夜深得像化不开的墨,桥栏上的锈迹蹭在掌心,又冷又糙。
他垂着眼,看桥下的河水裹着暗礁翻涌,浪头撞在桥墩上碎成白花花的沫子,像极了他拼命挣扎的模样。
他爸和爷爷的遗像还摆在老家空荡荡的堂屋里,风从河面上卷过来,灌进单薄的外套,他却没力气拢一拢。
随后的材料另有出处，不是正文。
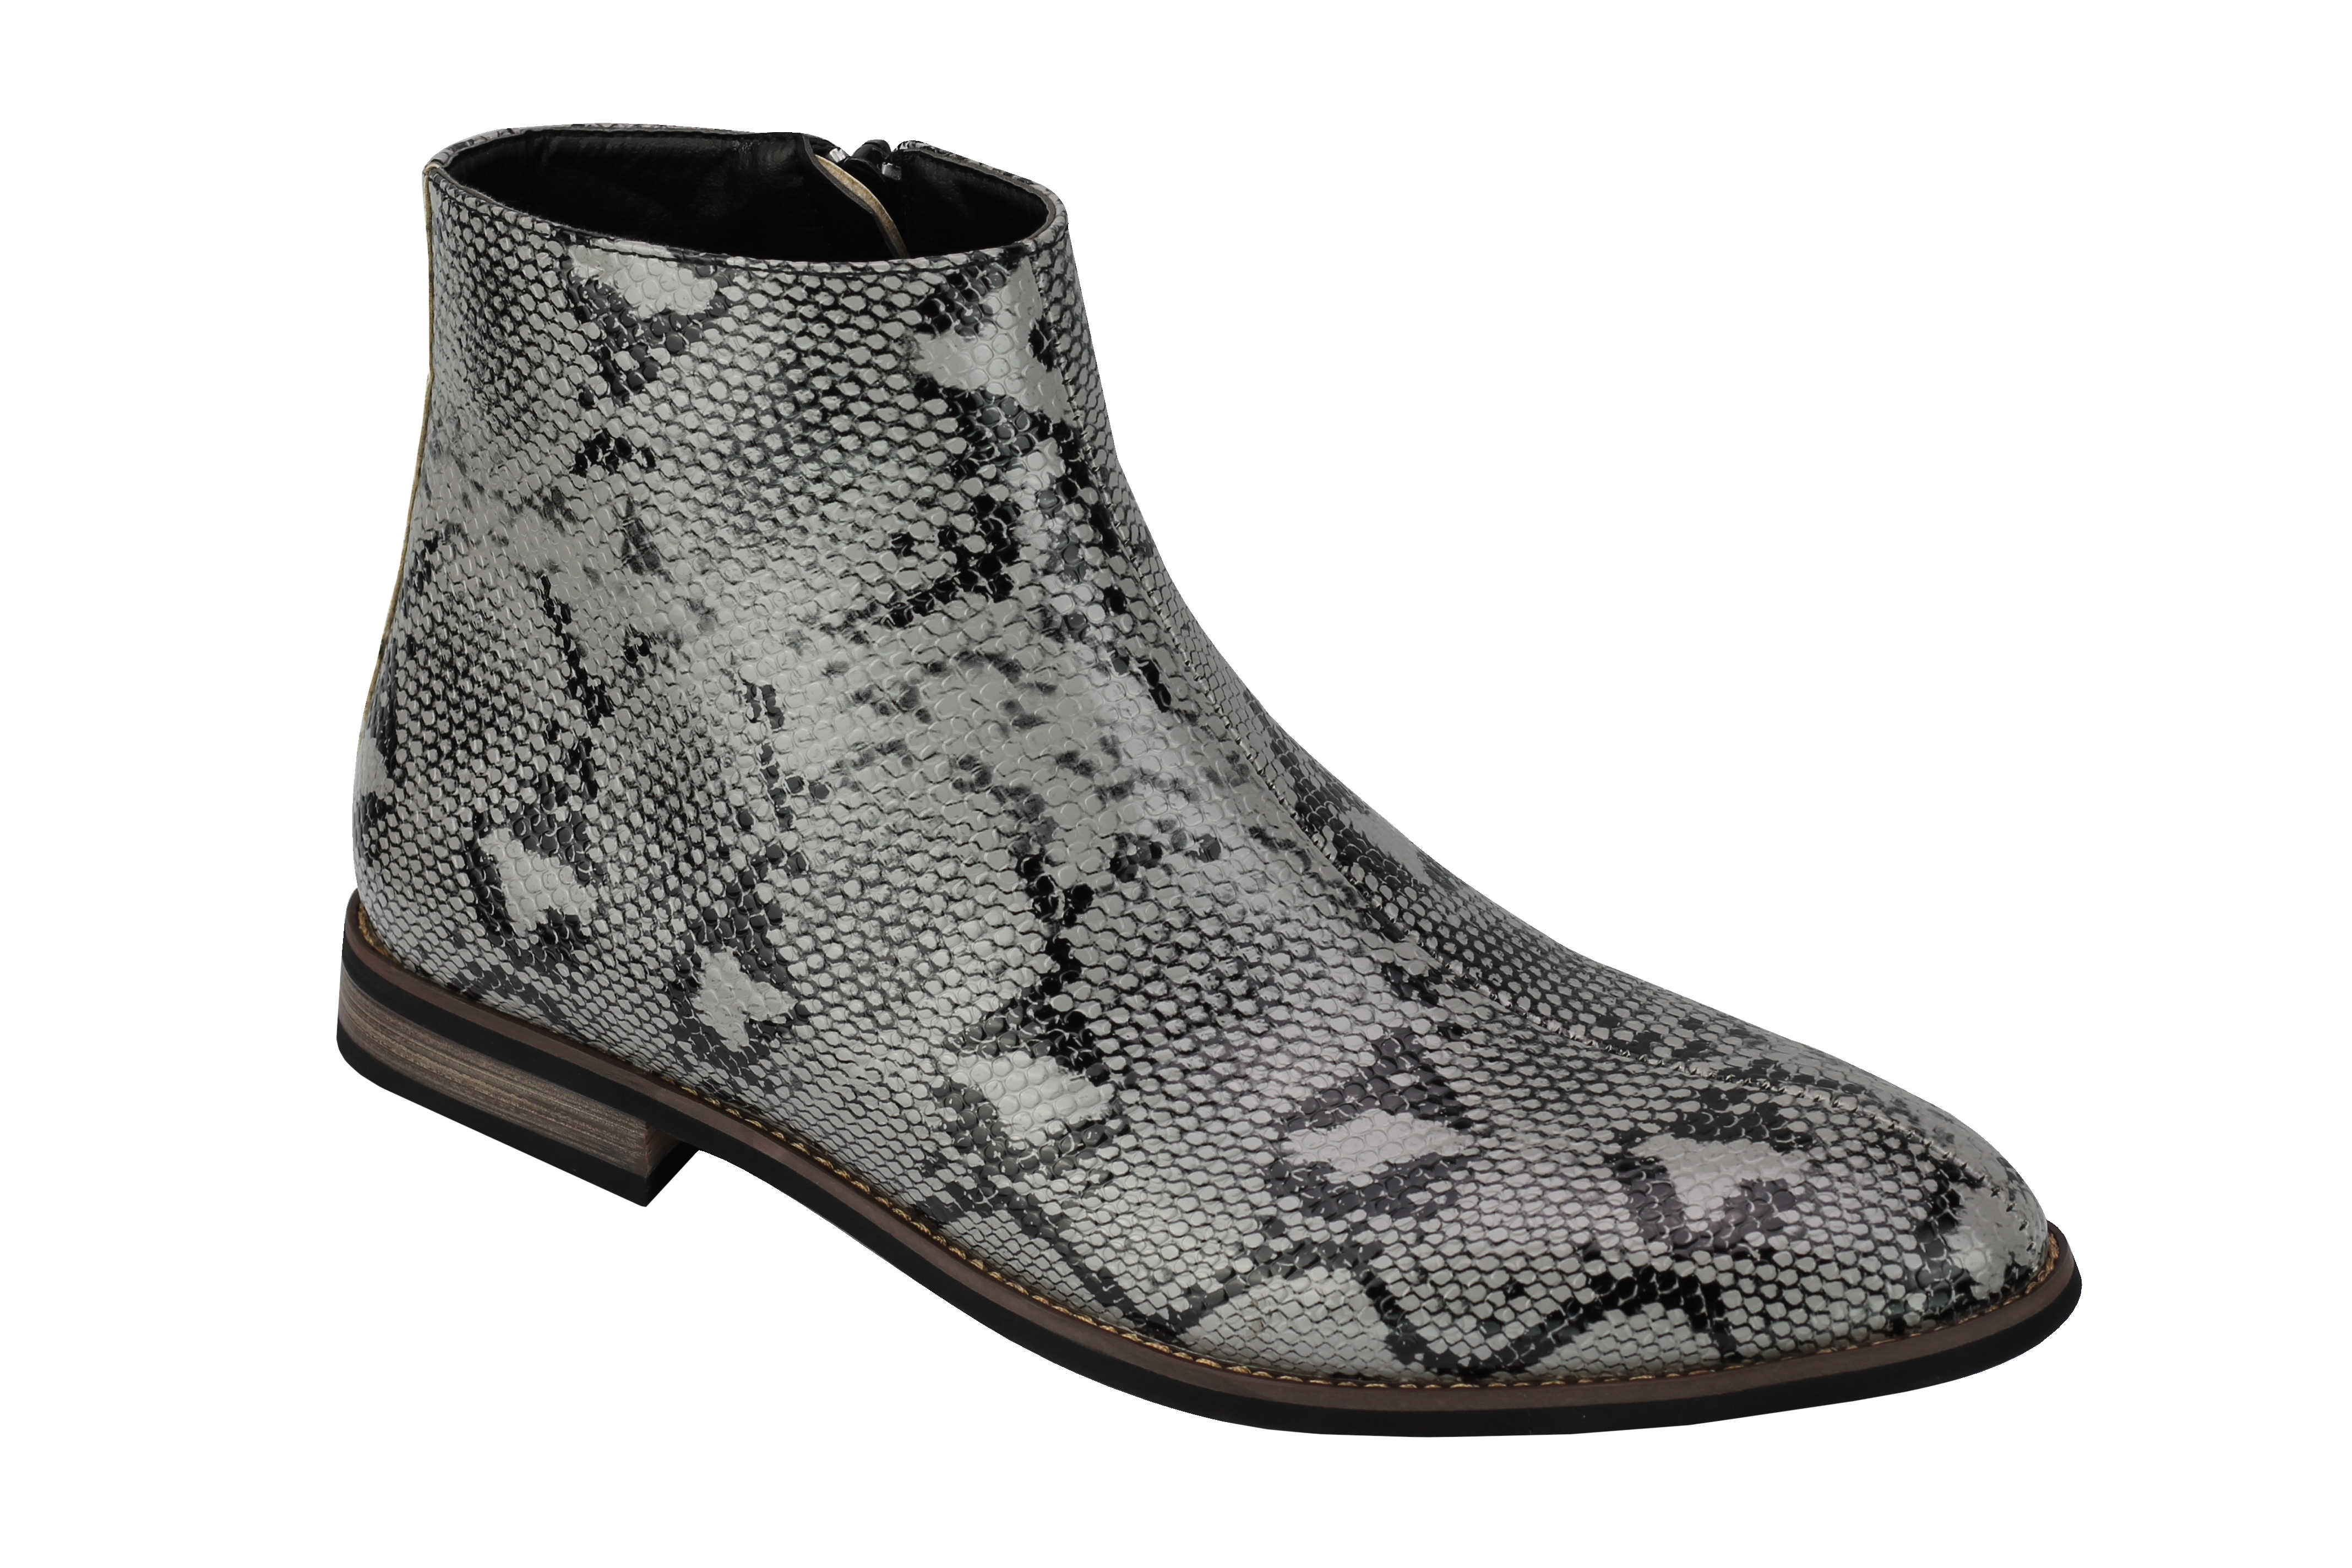 Mens Faux Leather Shiny Snake skin Print Ankle Boots Zip Chelsea Dealer Shoes | eBay

河水呜咽着向前冲,他忽然觉得,自己就像河面上无根的漂木,连沉下去的勇气,都带着一种无人问津的可笑。
最后一点念想,便是还在读高中的弟弟。
现在,杨蓉要把简澈接过去。
简行知谁也没有了。
只剩陆烨。
“你不可能再找别人的,简行知。”陆烨十分肯定。
简行知的精力早已经在他身上耗光,不可能还会找别人。
车停在路边,应该是已经到达目的地了。
“行知,我这一辈子缠定你了。”
简行知不解问他:“你能不能别这么莫名其妙的爱得死去活来。”
他也没什么特别出众的地方,陆烨怎么偏偏抓着他不放。
不知道的还以为他简行知给陆烨下了什么蛊。
“我不管。”陆烨拉起简行知的手,“简行知,跟我结婚吧。”
“谁特么跟你结婚,老子男的!”
“男的也能。”陆烨打开车门,门外便是国外的民政局。
“怎么,你还想逼我跟你结?”
“你不敢吗?”
简行知可不吃激将法这一套,“我不蠢。”
“我蠢。”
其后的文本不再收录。